Despite this fiery rhetoric, Beijing’s insistence on keeping a lid on the value of its own currency means it will have to continue investing its swelling foreign reserves in U.S. government debt.

Japan, too, is worried about a rise in its overvalued currency. It has intervened repeatedly to forestall a rise in the yen and announced Sunday that it would sell yen again following last week’s move if it sees speculative trades driving the currency higher. When the dust clears, it is doubtful that Treasury yields will have risen much from what they would have been without the downgrade, and they have fallen sharply in any event, so the Treasury’s cost of funds will not be meaningfully affected by the downgrade. The Treasury market will still be seen as a safe haven.

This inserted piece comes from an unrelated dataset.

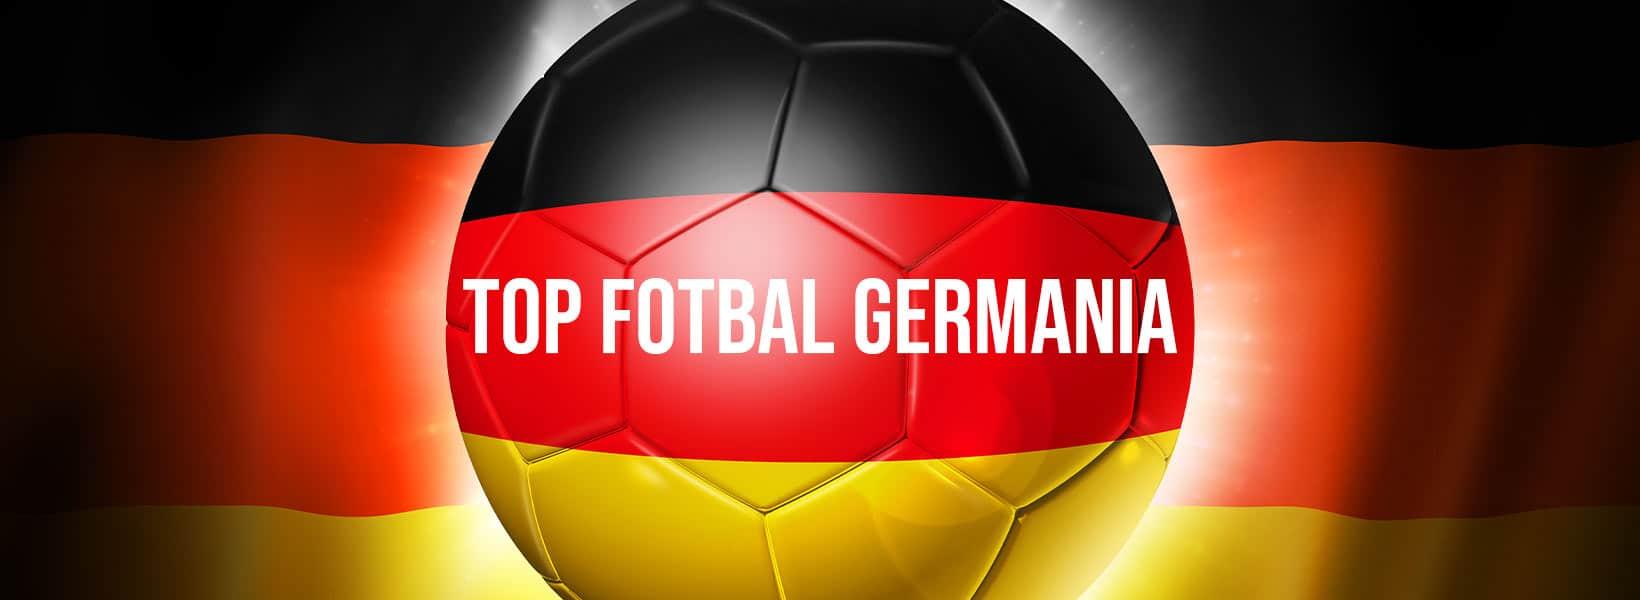 echipe de fotbal din Germania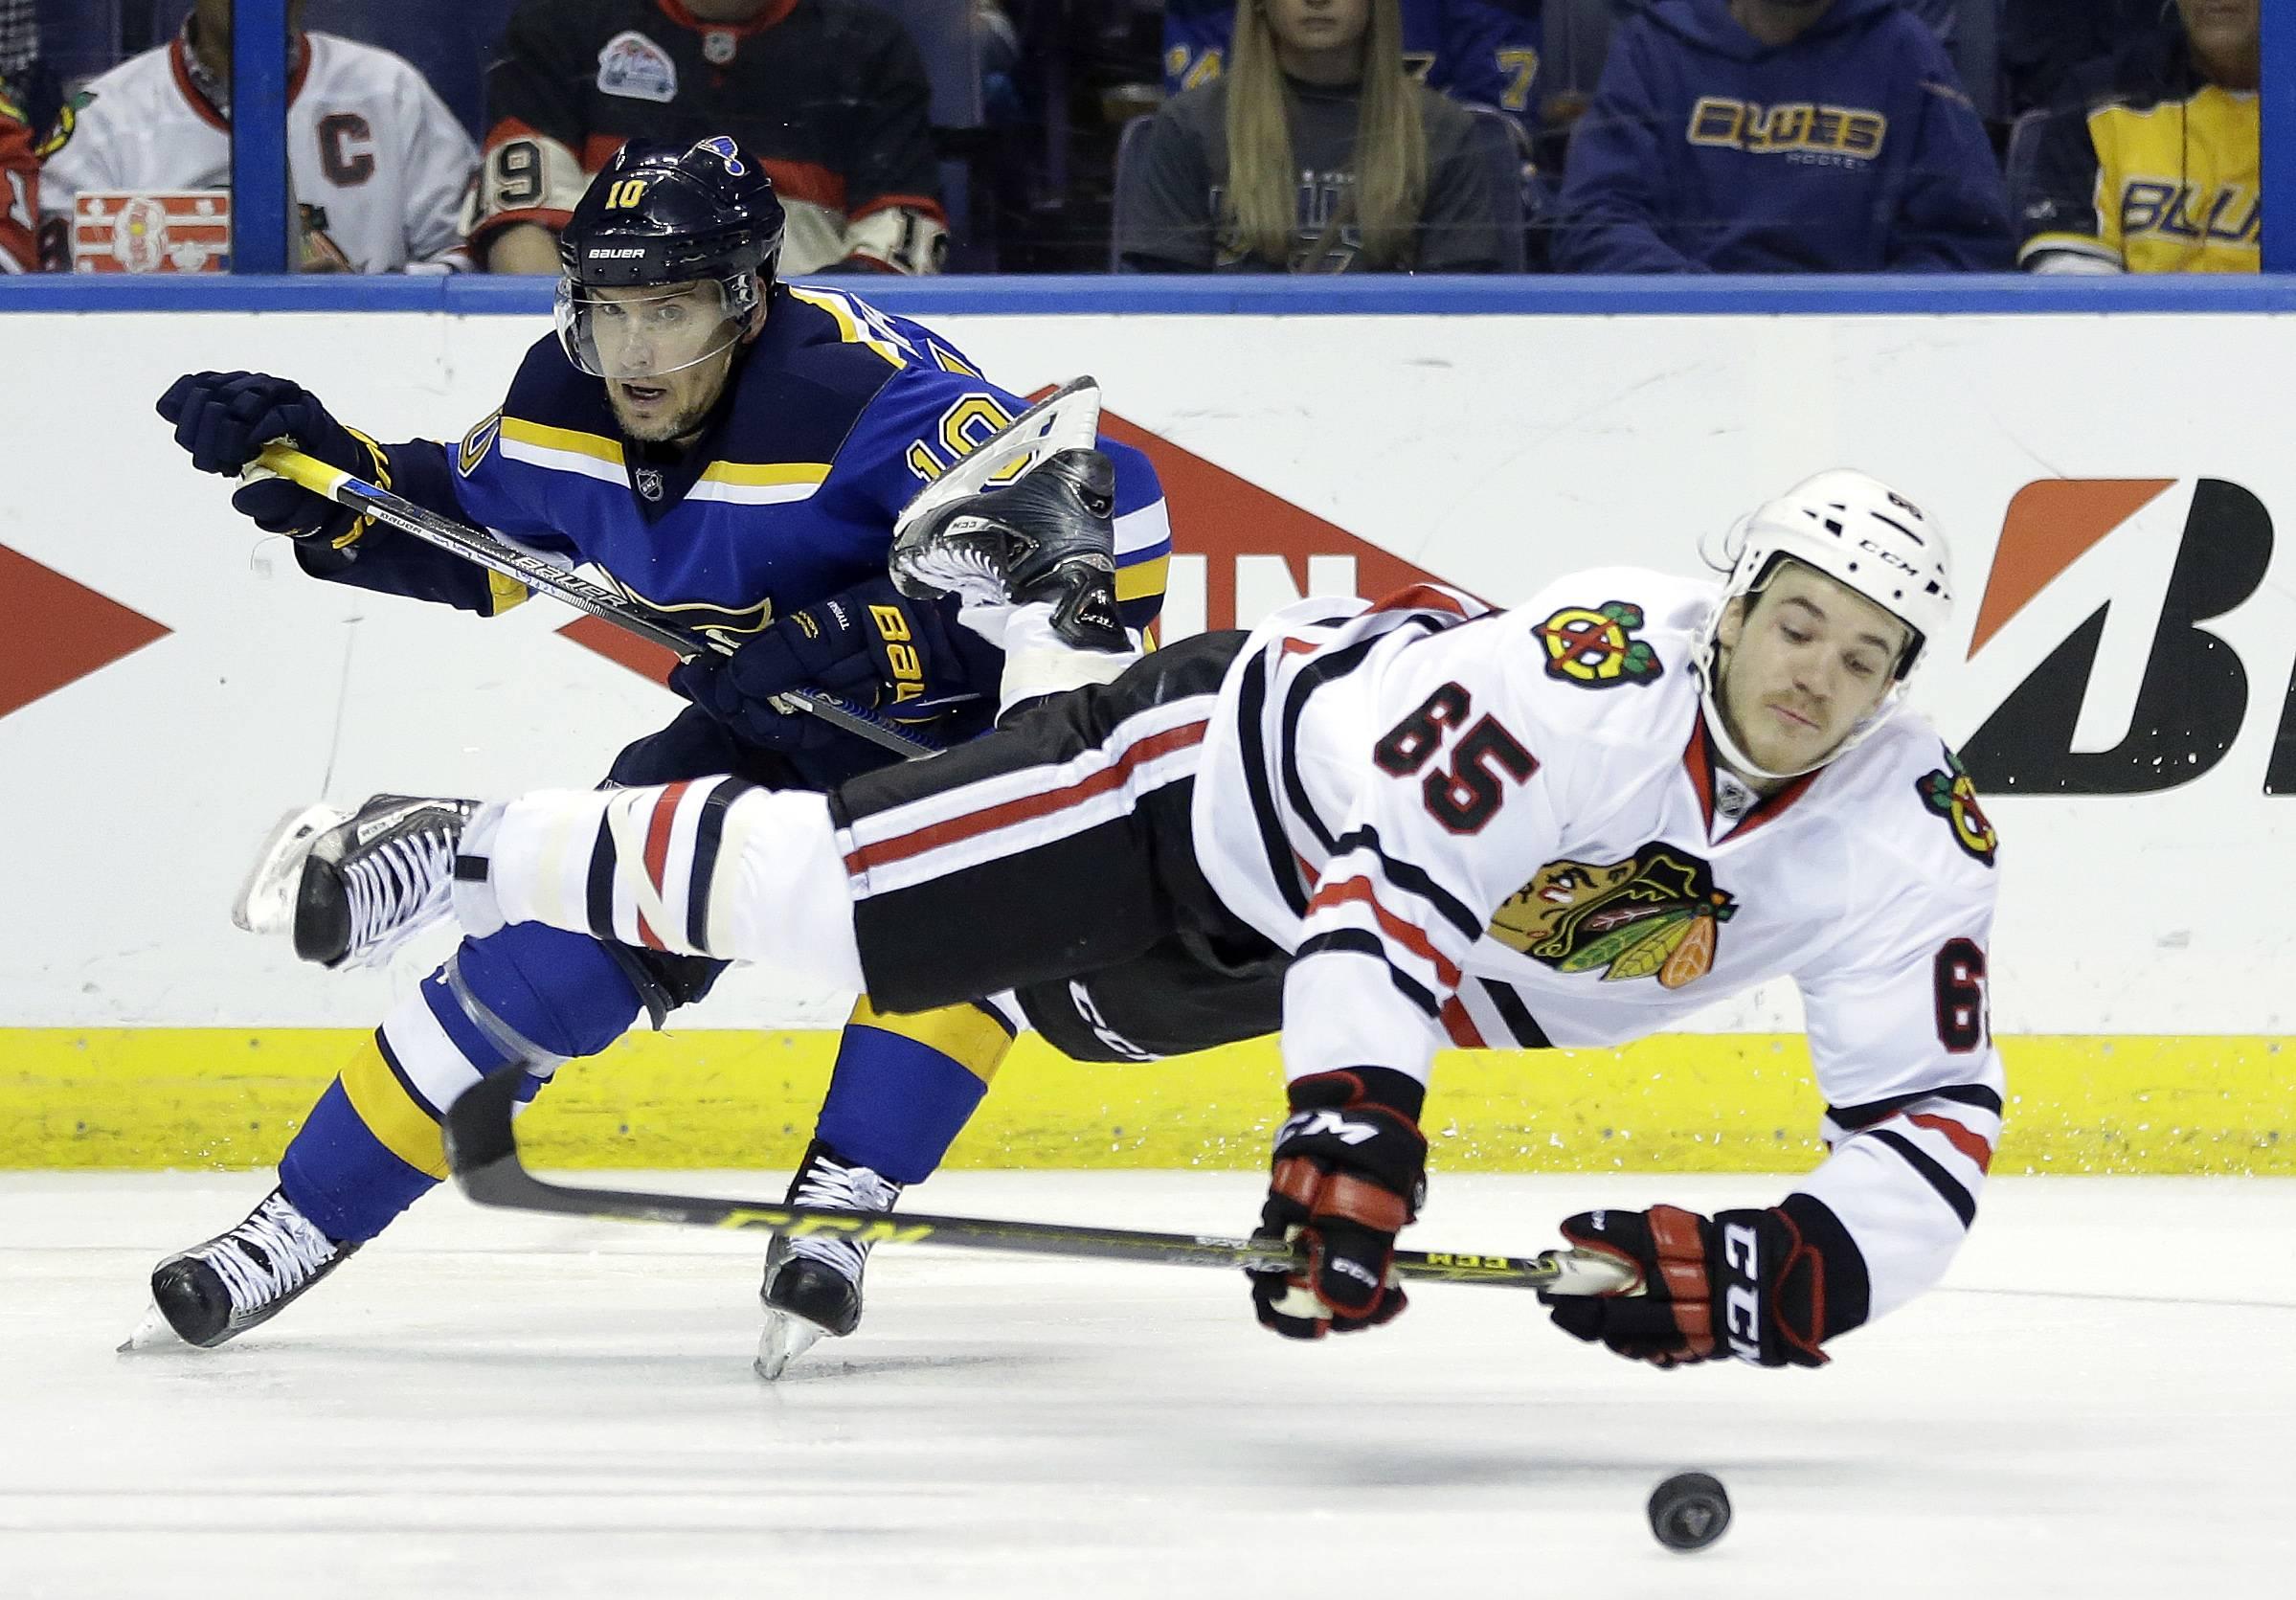 Chicago Blackhawks trade Shaw to Canadiens

There is no other market with its depth and liquidity. Cash hoarding, however, will continue to make it nearly impossible for the Fed to do anything that would help the economy near term. Hopefully, the incoming data for the U.S. will slowly improve, as we expect. The supply disruptions emanating from the Japanese tsunami are dissipating. Auto production is rising sharply this quarter and gasoline prices are falling. The sharp decline in oil and other commodity prices is bringing down global inflation and boosting incomes. Corporate earnings are very strong and they should be passing their profit growth into additional employment and investment. They had been showing signs of doing this until recent policy confusion over the debt ceiling appeared to damage business confidence. Friday’s slightly better jobs report in the U.S. offers at least some ray of hope. Troubling as it might be, the U.S. debt downgrade is really a sideshow.

The main event continues to be the European sovereign debt crisis.

The abject failure of the eurozone to conduct a successful Greek rescue operation threatens contagion to Italy and Spain. The situation is still very unstable and Berlusconi’s promises on Friday to accelerate Italy’s fiscal cuts can only assuage concerns temporarily. Italy has the third largest bond market in the world behind Japan and the U.S. The ECB is expected to buy Italian and Spanish bonds on a massive scale on Monday’s open, but a German-led faction reportedly opposes this action, which is seen to be a watershed, signalling that the ECB is willing to be the lender of last resort for the eurozone. The squabbling in Europe is at least as damaging to the global economy and financial stability as anything going on in Washington.

Germany says all options are on the table, except the one that might work, which is a greater issuance of eurobonds. President Nicolas Sarkozy of France had a chance to explain this to Chancellor Angela Merkel on the phone on Friday. Either Europe has to agree to become a ‘transfer region’ with a single monetary and fiscal authority and one eurobond market (with much less individual national sovereign power) or allow for a break up of the EU.

Bottom Line for Canada: In this environment, commodity prices likely remain soft and the Canadian dollar is vulnerable and extremely volatile. That, in itself, is not bad for the Canadian economy, but our stock market has taken a beating and it’s probably not over. This negative wealth effect is not good for confidence and spending. I think our housing market, especially in Vancouver and Toronto, might be vulnerable. The Canadian current account deficit is very high and this puts the Bank of Canada on hold for some time. Messieurs Harper, Flaherty and Carney can only counsel Canadians to remain calm, reassert that the domestic fundamentals are good and pressure G-20 leaders to take the necessary actions to avert a crisis.